Basically you take every study you can find about a topic, and you map the effect size noted on the x-axis, and the size of the study on the y-axis.  With random variation, the studies should look like a funnel: studies with small numbers of people/data points will vary a lot more than larger studies, and both will converge on the true effect size. This technique has been used since the 80s, but was popularized by the excitingly titled paper “Bias in Meta-Analysis Can Be Detected by a Simple Graphical Test”.  This paper pointed out that if you gather all studies together and don’t get a funnel shape, you may be looking at some bias. This bias doesn’t have to be on the part of the researchers by the way….publication bias would cause part of the funnel to go missing as well.

The principle behind all this is pretty simple: if what we’re looking at is a true effect size, our experiments will swing a bit around the middle. To use the coin toss analogy, a fairly weighted coin tossed 10 times will sometimes come up 3 heads, 7 tails or vice versa, but if you toss it 100 times it will probably be much closer to 50-50. The increased sample size increases the accuracy, but everything should be centered around the same number….the “true” effect size.

To give an interesting real life example, take the gender wage gap. Now most people know (or should know) that the commonly quoted “women earn 77 cents on the dollar” stat is misleading. The best discussion of this I’ve seen is Megan McArdle’s article here, and in it an interesting fact emerges: even controlling for everything possible, no study has found that women outearn men.  Even the American Enterprise Institute and the Manhattan Institute both put the gap at 94 to 97 cents on the dollar for women. At one point in the AEI article, they opine that such a small gap “may not be significant at all”, but that’s not entirely true. The fact that no one seems to find a small gap going the other direction actually suggests the gap may be real. In other words, if the true gap was zero, at least half of the studies should show women out earning men. If the mid-line is zero, we only have half the funnel. Now this doesn’t tell us what the right number is or why it’s there, but it is a pretty good indication that the gap is something other than zero. Please note: The McArdle article is from 2014, so if there’s new data that shows women out earn men in a study that controls for hours worked and education level, send it my way.

Anyway, the funnel plot is not without it’s problems.
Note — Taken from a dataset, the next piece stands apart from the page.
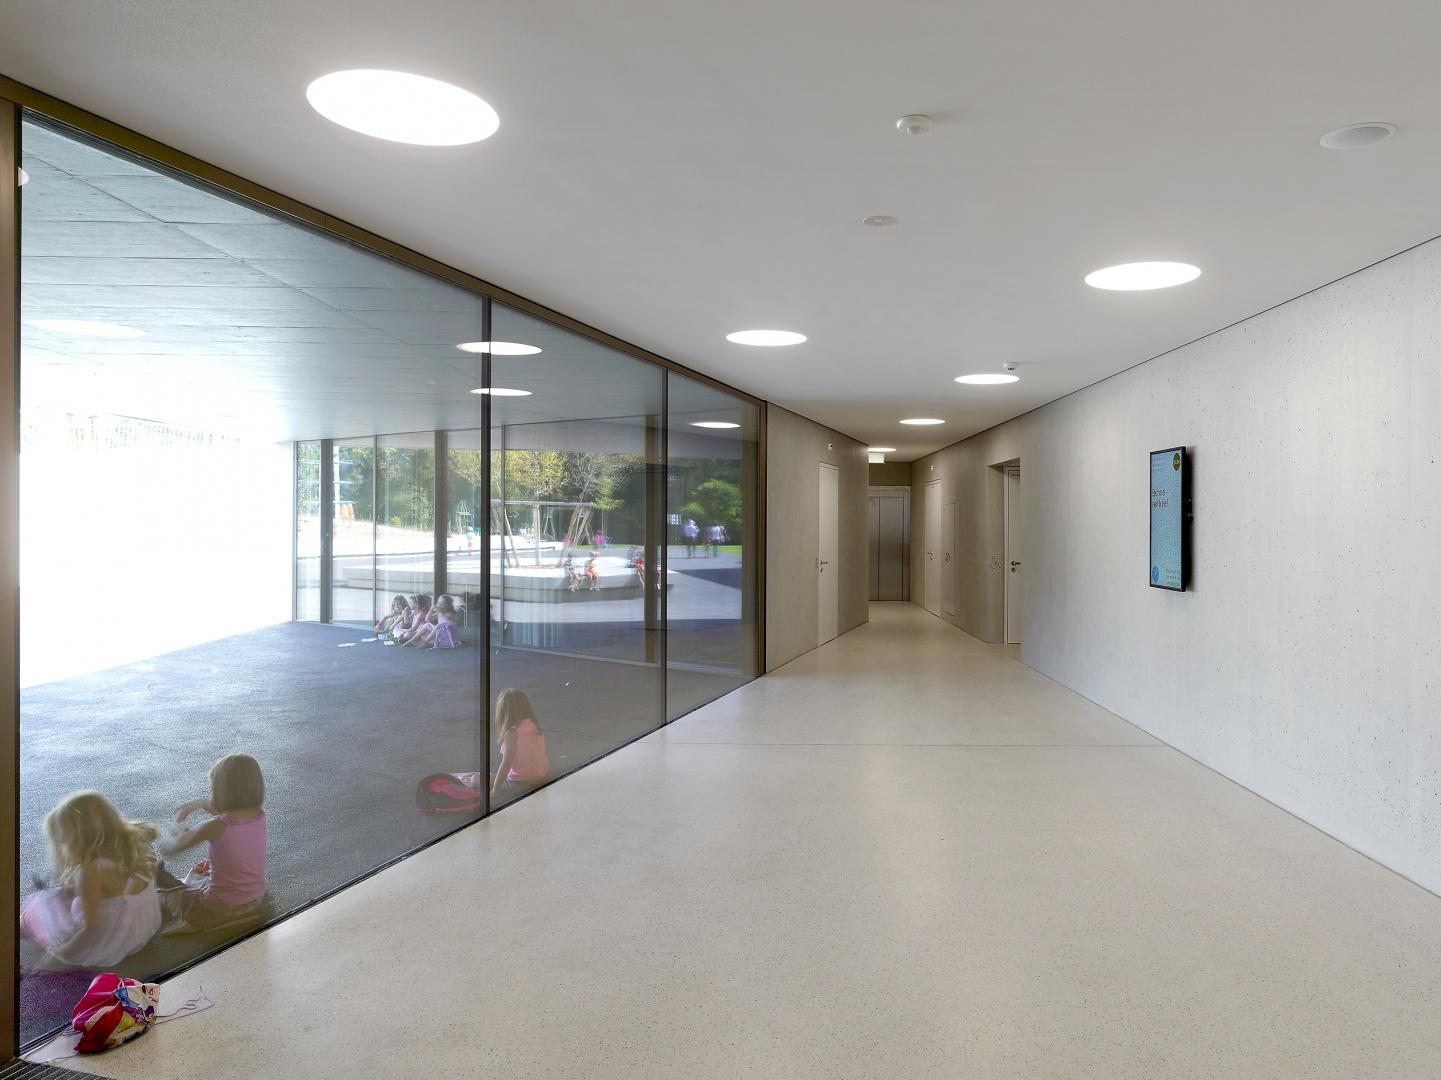 hall entrée école © Thomas Jantscher

Unfortunately there’s not a lot of standards around how to use it, and changing the scale of the axis can make it look more or less convincing than it really should be. Additionally, if the number of studies is small, it is not as accurate. Finally, it should be noted that missing part of the funnel is not definitive proof that publication or other bias exists. It could be that those compiling the meta-analysis had a hard time finding all the studies done, or even that the effect size varies based on methodology.

Even with those problems, it’s an interesting tool to at least be aware of, as it is fairly frequently used and is not terribly hard to understand once you know what it is. You’re welcome.